### [GIVEN INFORMATION]
- - -
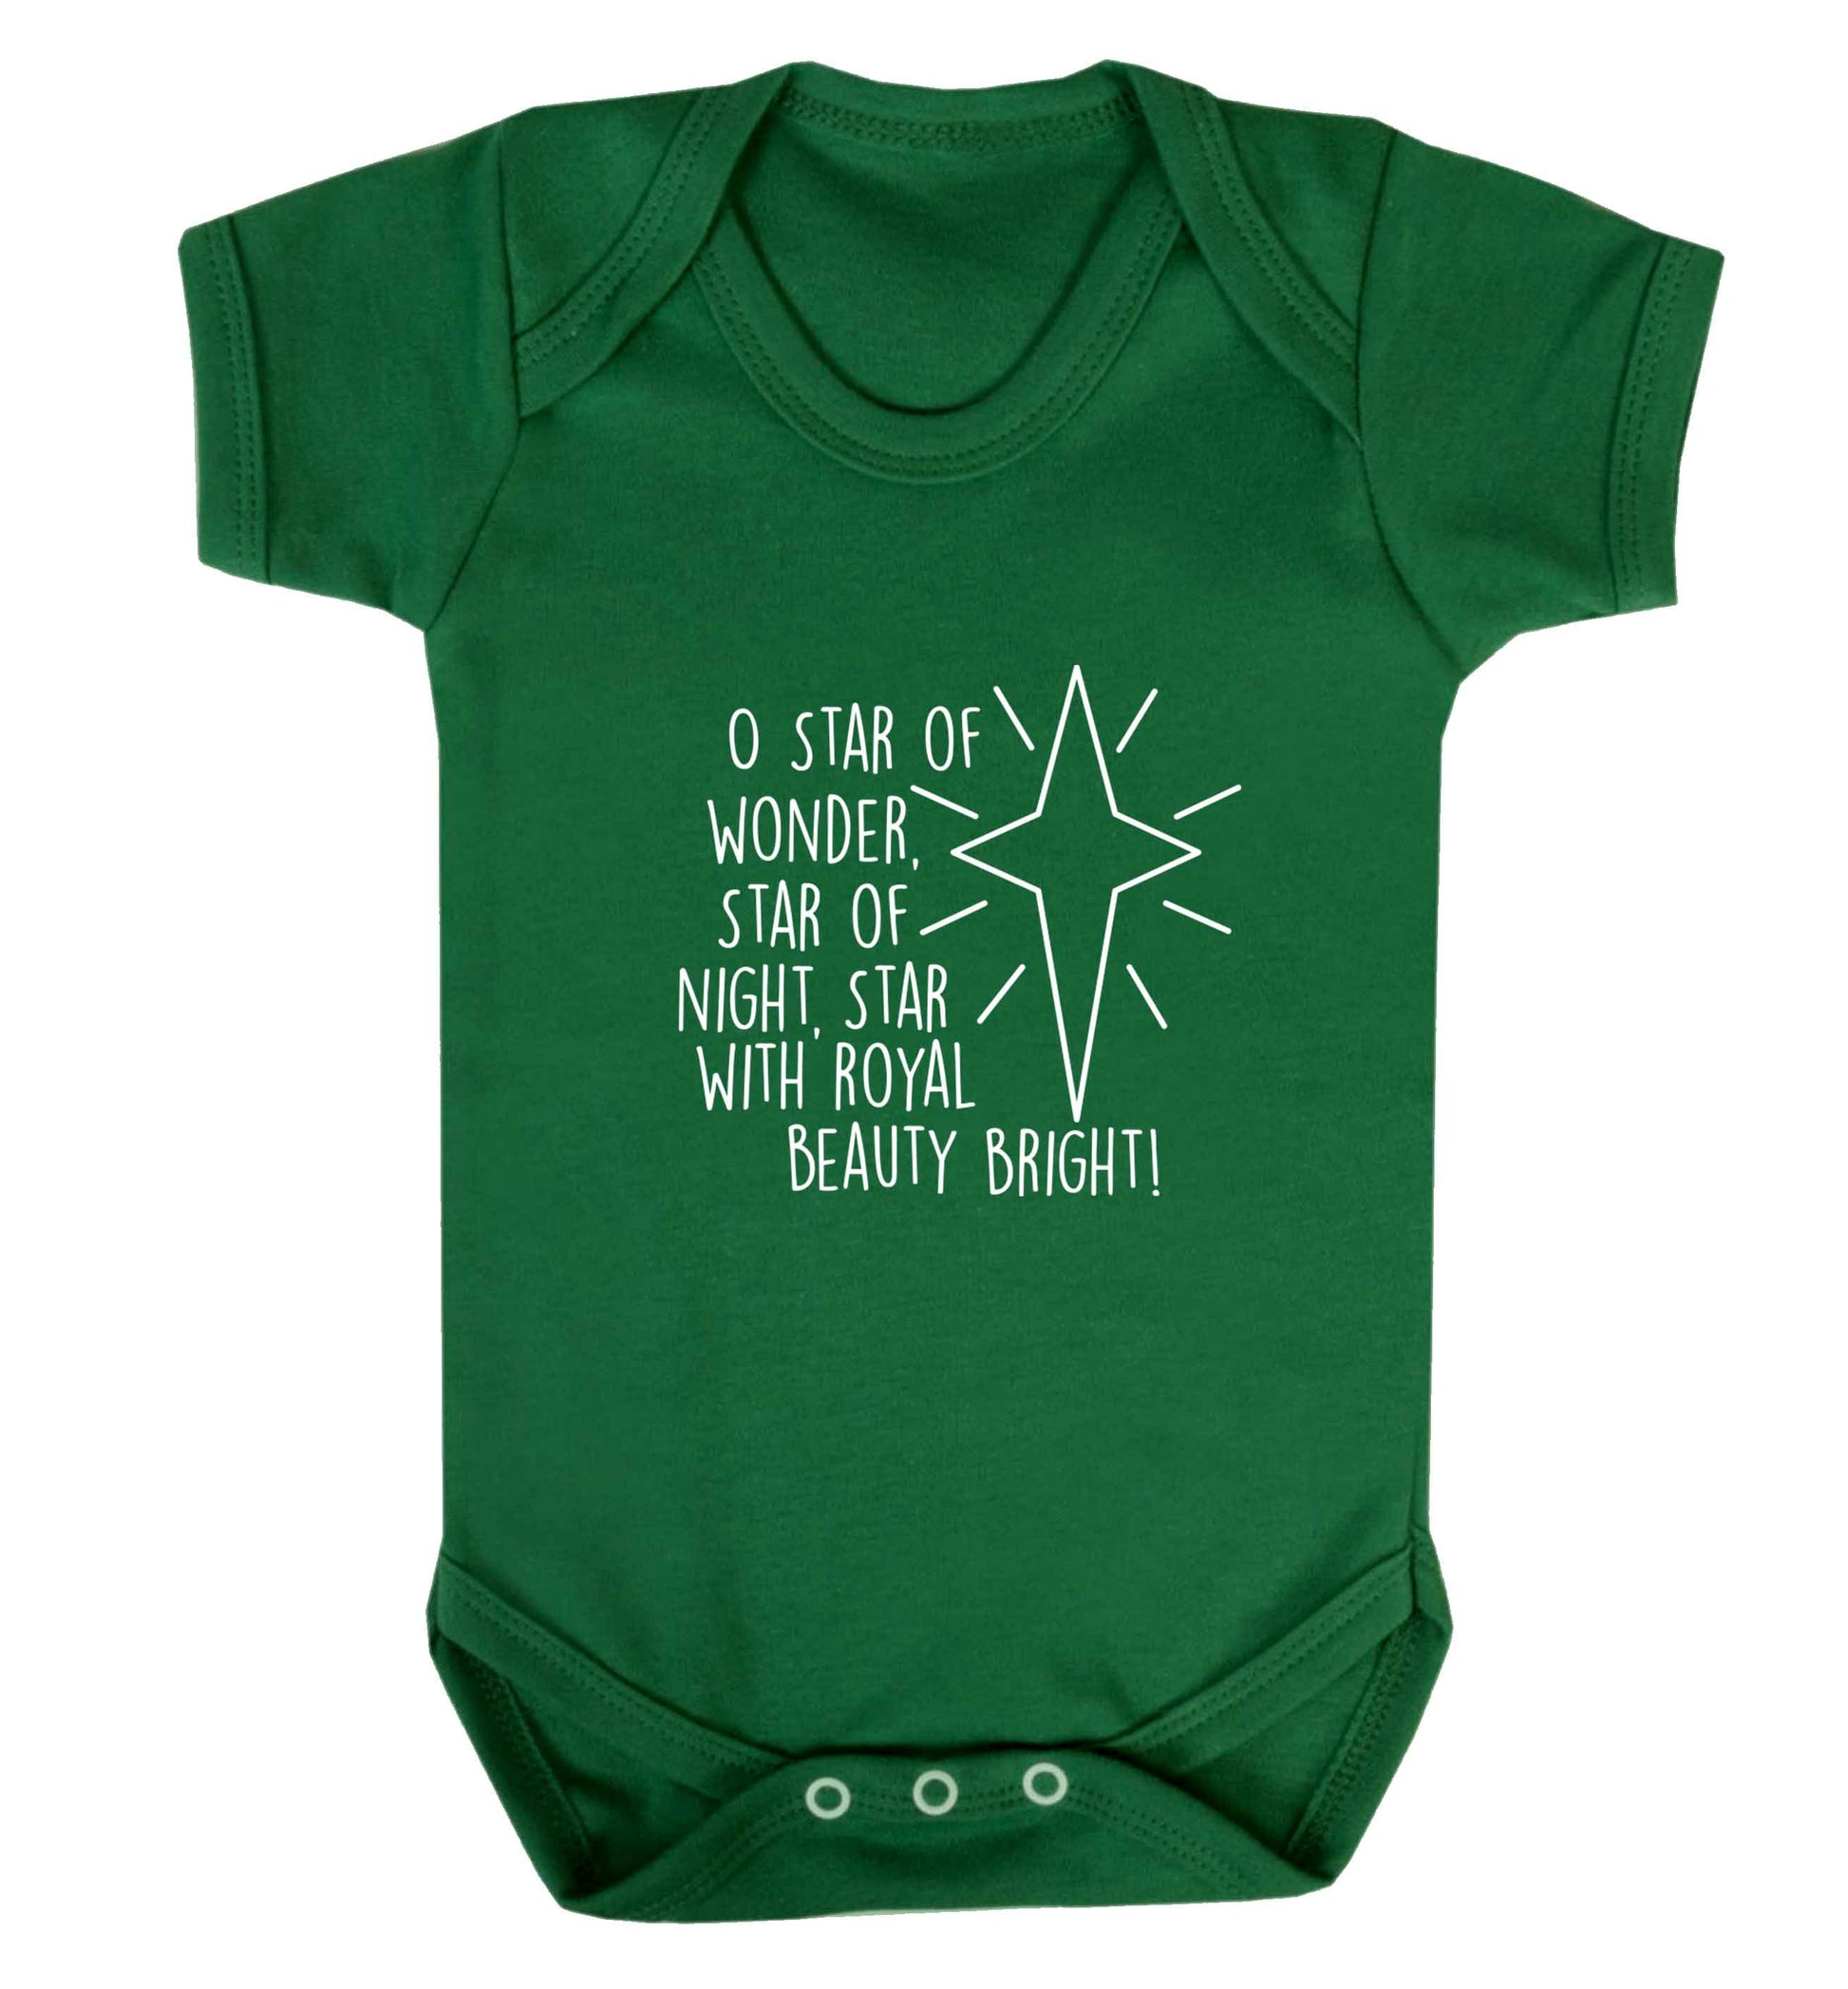 Oh star of wonder star of night, star with royal beauty bright baby vest green 18-24 months
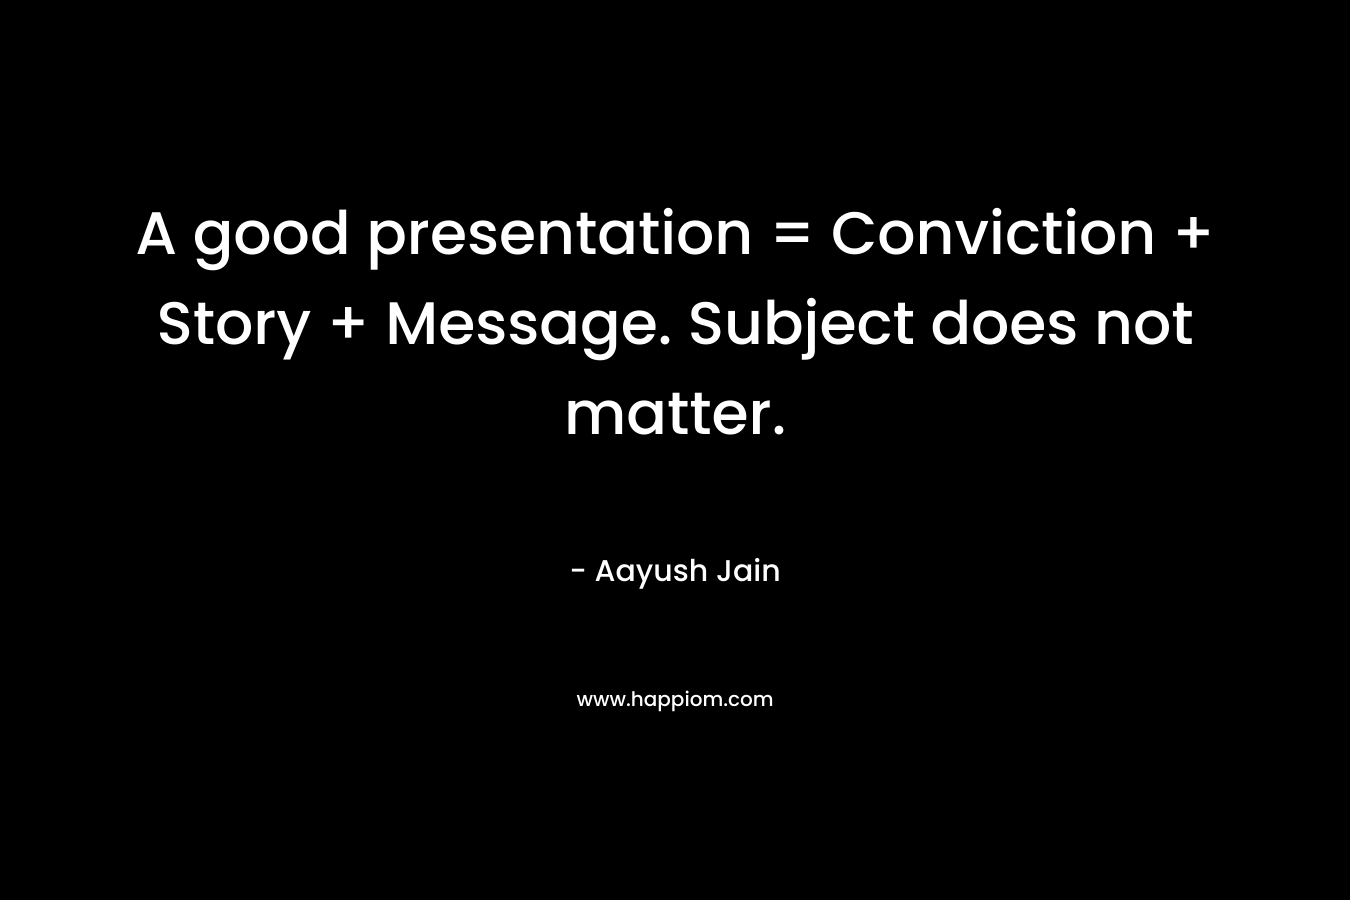 A good presentation = Conviction + Story + Message. Subject does not matter. – Aayush Jain
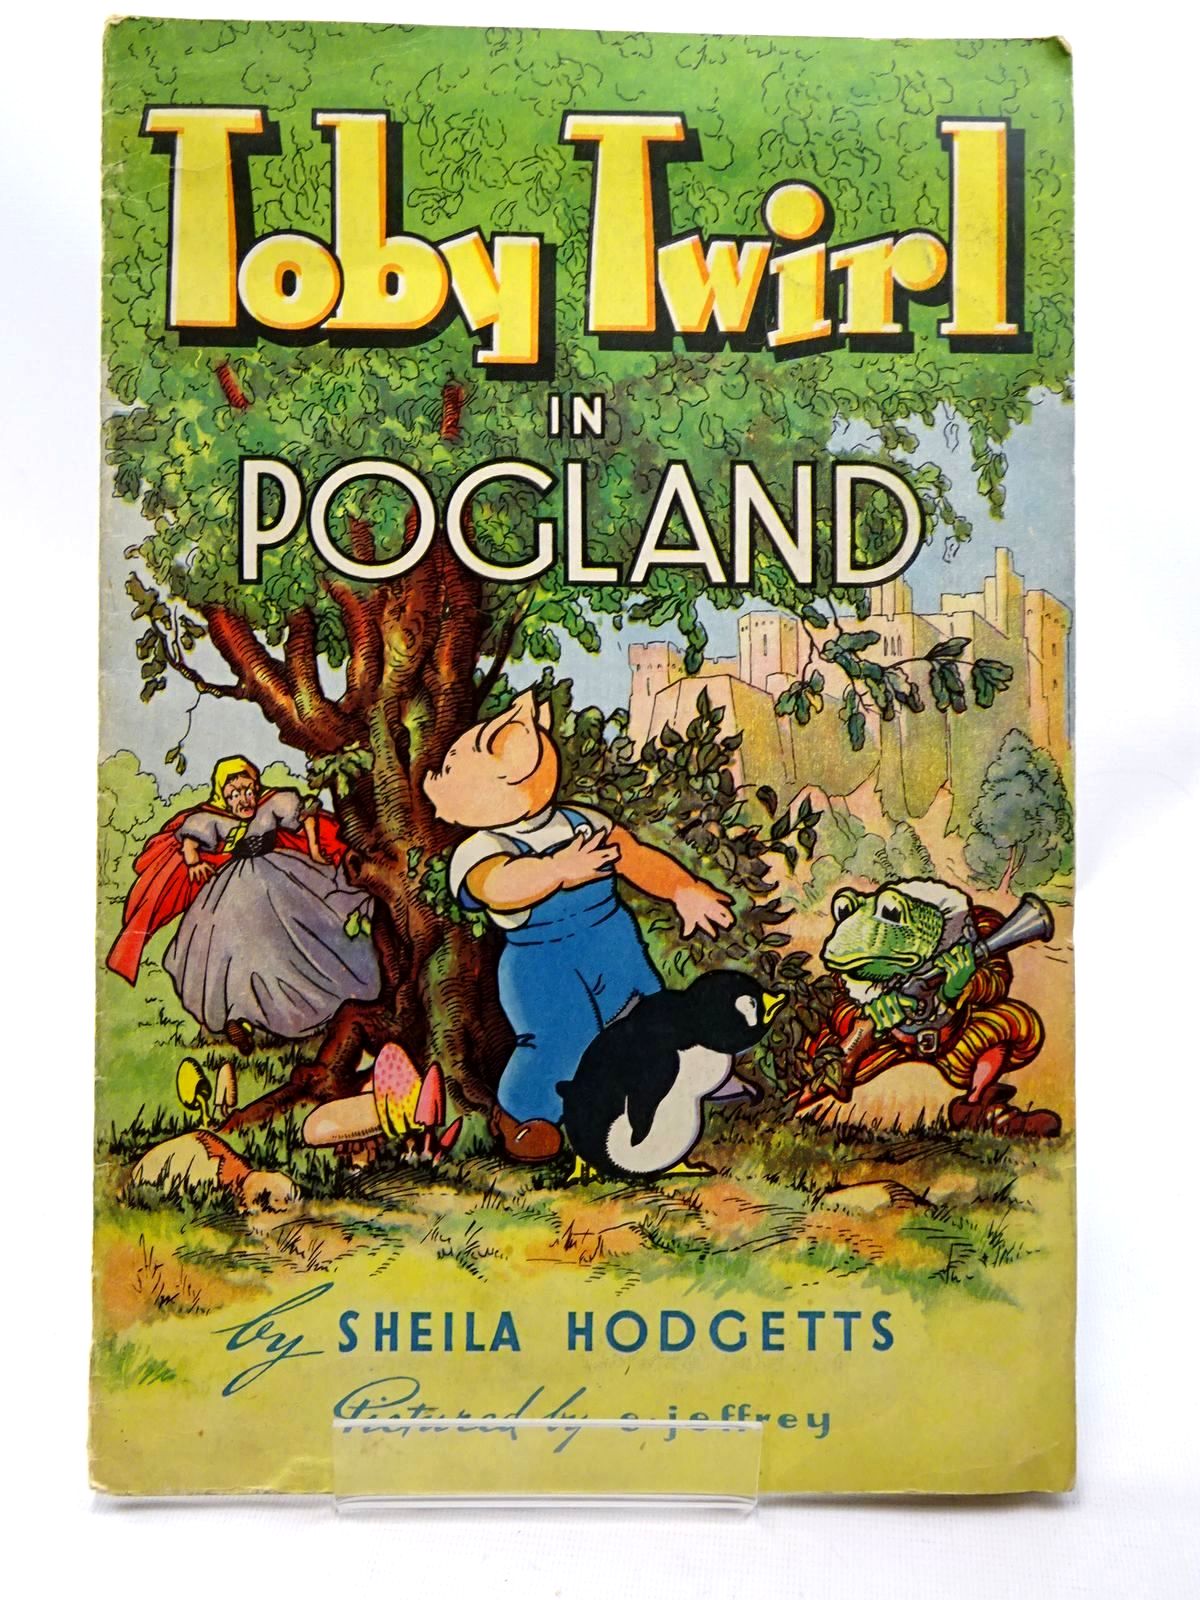 Photo of TOBY TWIRL IN POGLAND written by Hodgetts, Sheila illustrated by Jeffrey, E. published by Sampson Low, Marston & Co. Ltd. (STOCK CODE: 2124515)  for sale by Stella & Rose's Books
- - -
### [WHAT THE TASK ASKS]
Exactly the lines from the one that contains "A good presentation" to the last line of the data, both included, should be set down, and no pictures should appear among them.

### [RESPONSE BOX]
 A good presentation = Conviction + Story + Message. Subject does not matter. – Aayush Jain
 Photo of TOBY TWIRL IN POGLAND written by Hodgetts, Sheila illustrated by Jeffrey, E. published by Sampson Low, Marston & Co. Ltd. (STOCK CODE: 2124515)  for sale by Stella & Rose's Books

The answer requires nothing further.